Mercoledì 24 Aprile 2024

Trentenne si uccide in carcere

Il giovane, originario di Grosseto, stava scontando una pena nella struttura di Sollicciano, a Firenze

Carcere

Carcere

Grosseto, 24 novembre 2014 - SI È TOLTO la vita impiccandosi dietro le sbarre, e a scoprirlo è stato il suo compagno di cella. Nella notte tra sabato e domenica un trentaquatrenne, originario di Gavorrano (ma i suoi genitori abitano ancora a Grosseto), che era rinchiuso nel settimo braccio del carcere di Sollicciano, si è ucciso. L’uomo aveva appena concluso il percorso di disintossicazione con il metadone. Sabato sera prima della ritirata notturna, non aveva partecipato alle due ore di socializzazione previste dal regolamento carcerario di Sollicciano, e aveva preferito rimanere nella sua cella da solo. Poi, durante la notte, la tragica scoperta del compagno di cella, a cui lo legava una lunga amicizia, nata addirittura sui banchi di scuola.

"Il fatto, successo l’altra notte a Sollicciano, che segue di pochi giorni il suicidio di una donna di trent’anni che lascia tre figli, è la riprova che i tossicodipendenti non possono stare in carcere. Il progetto tra Regione e Provveditorato servirà a portare fuori cinquanta-sessanta di loro: seguiranno un percorso riabilitativo che prevede anche un avviamento professionale". A parlare così è Eros Cruccolini, garante dei detenuti, nominato dal sindaco di Firenze, Dario Nardella. «Quando un tossicodipendente muore in carcere è una sconfitta per tutti – prosegue nella sua analisi Cruccolini – . E’ inutile fare tanti giri di parole, i tossicodipendeti in carcere non ci devono stare. Per sperare in un loro recupero, questi soggetti debbono essere costantemente impegnati, sia intellettualmente che materialmente, e questo in carcere è possibile sono in minima parte. Rimanere inattivi li rende più facile preda dell’ansia e dell’incertezza per il futuro».
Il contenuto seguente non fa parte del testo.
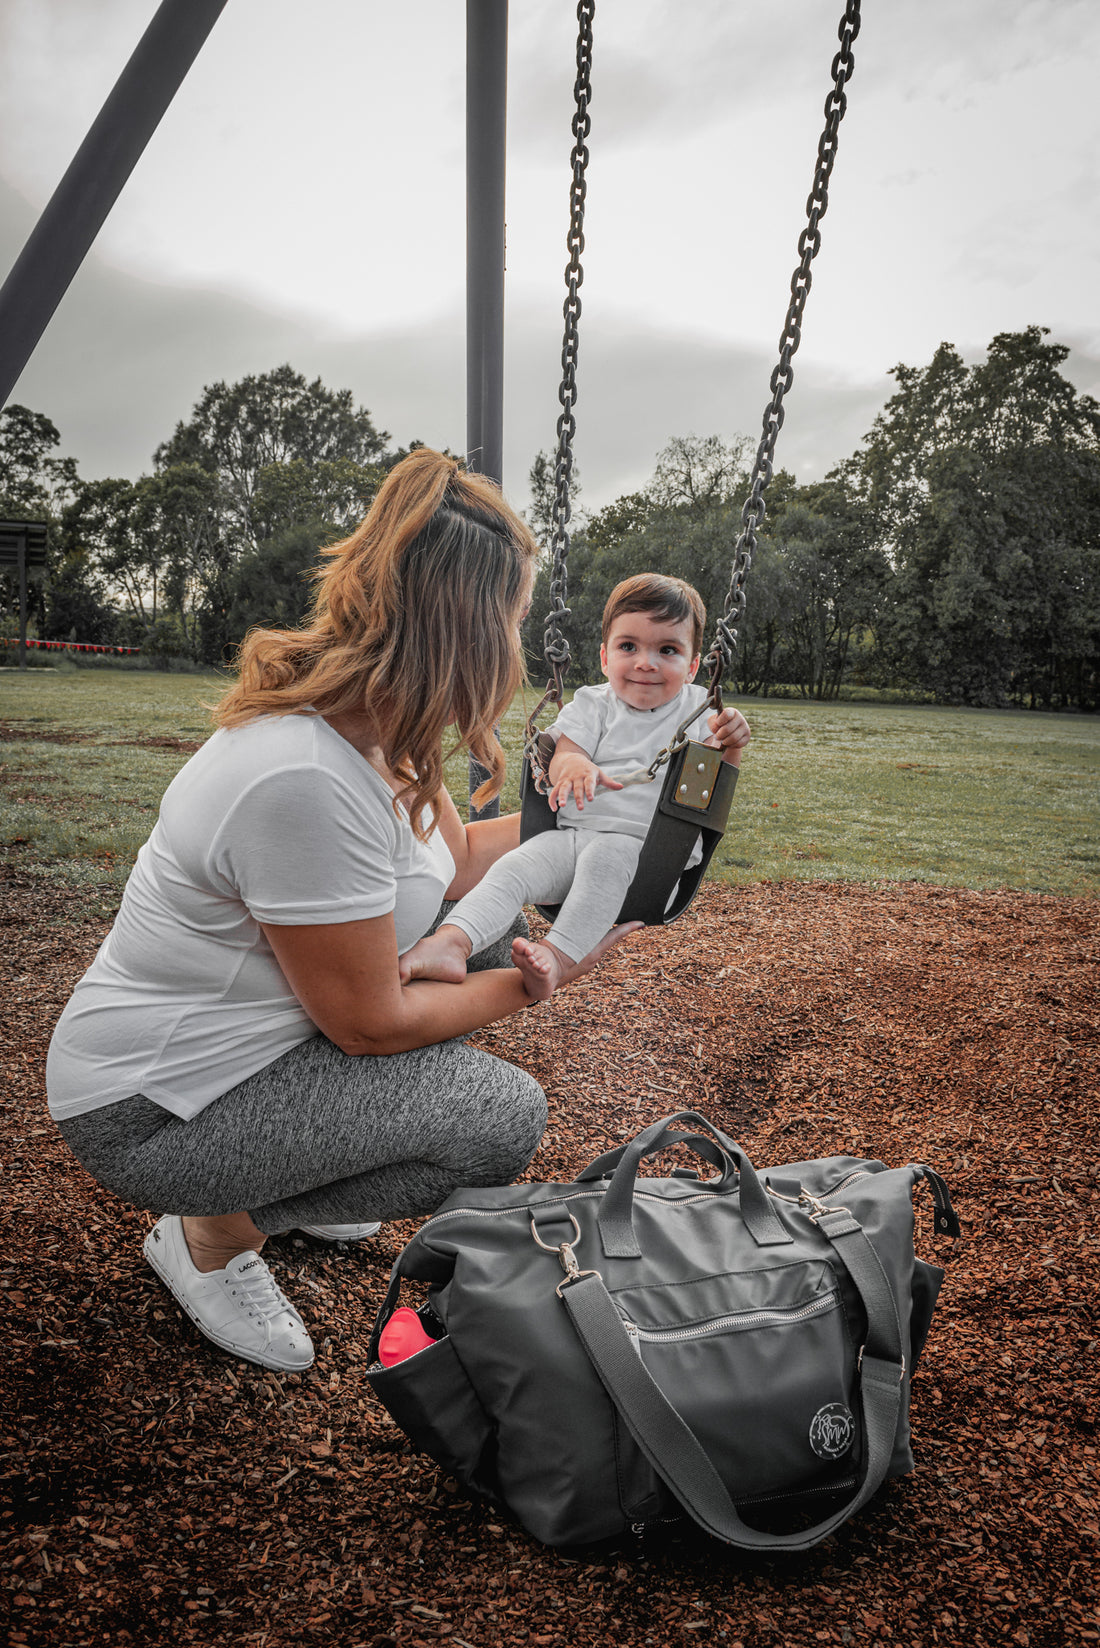 Mum kneeling in front of her baby boy who is sitting on the swing at a park playground. Beside them is The DUFFLE Nappy Bag in Chaos + Calm (charcoal).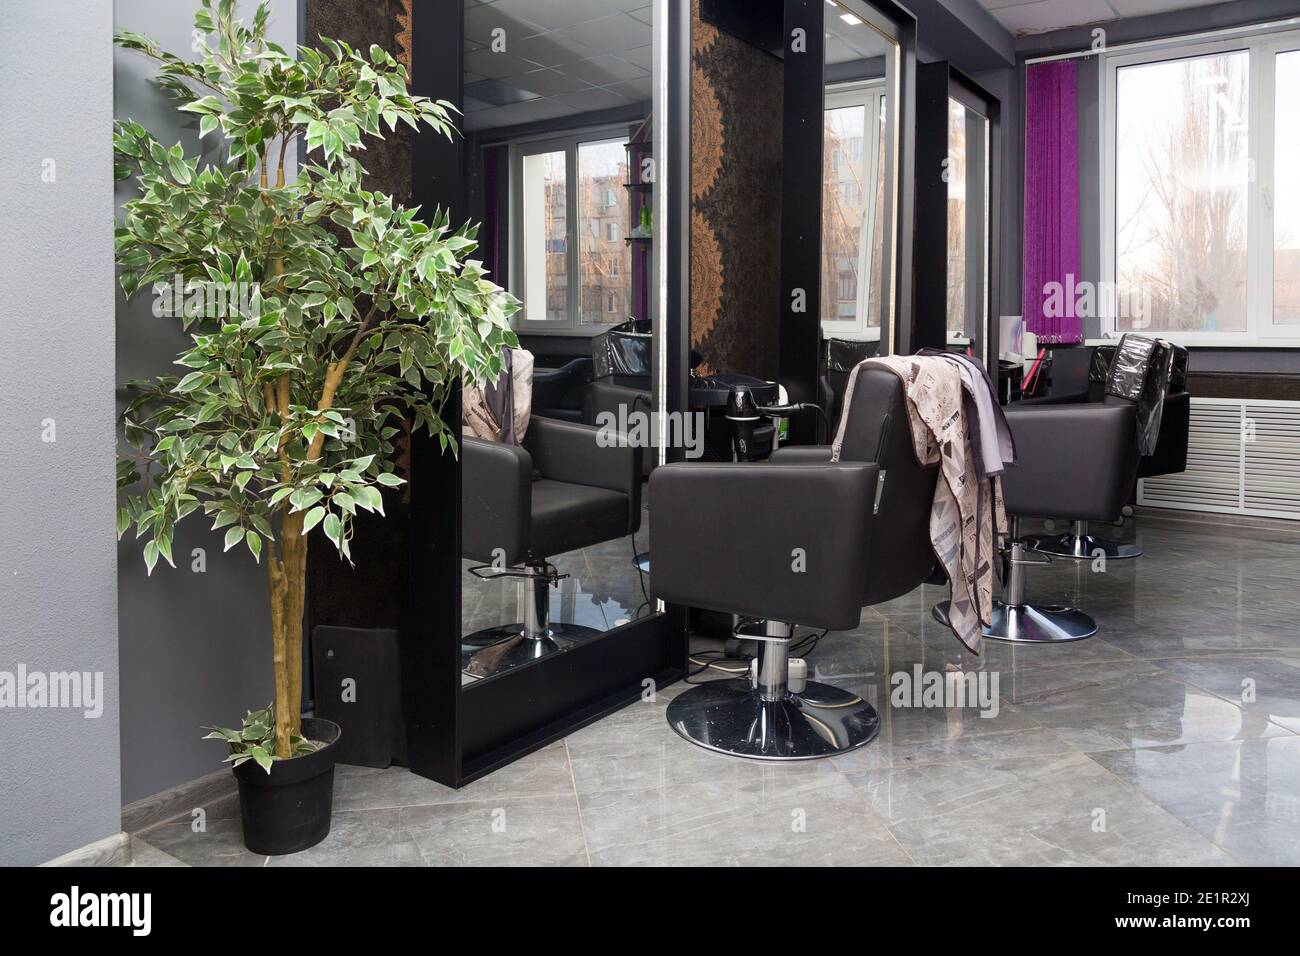 Page 3 - Empty Salon Chairs High Resolution Stock Photography and Images -  Alamy

POI Cruccolini parla anche di quello che le istituzioni stanno già facendo per i tossicodipendenti dietro le sbarre. «Il Sert, grazie alla convenzione con il Provveditorato, sia dentro che fuori dal carcere, sta già facendo un buon lavoro – conclude il garante dei detenuti – Il lavoro è dignità, occorre che gli enti locali facciano più gare rivolte alle cooperative di tipo B, di cui possono far parte questi soggetti».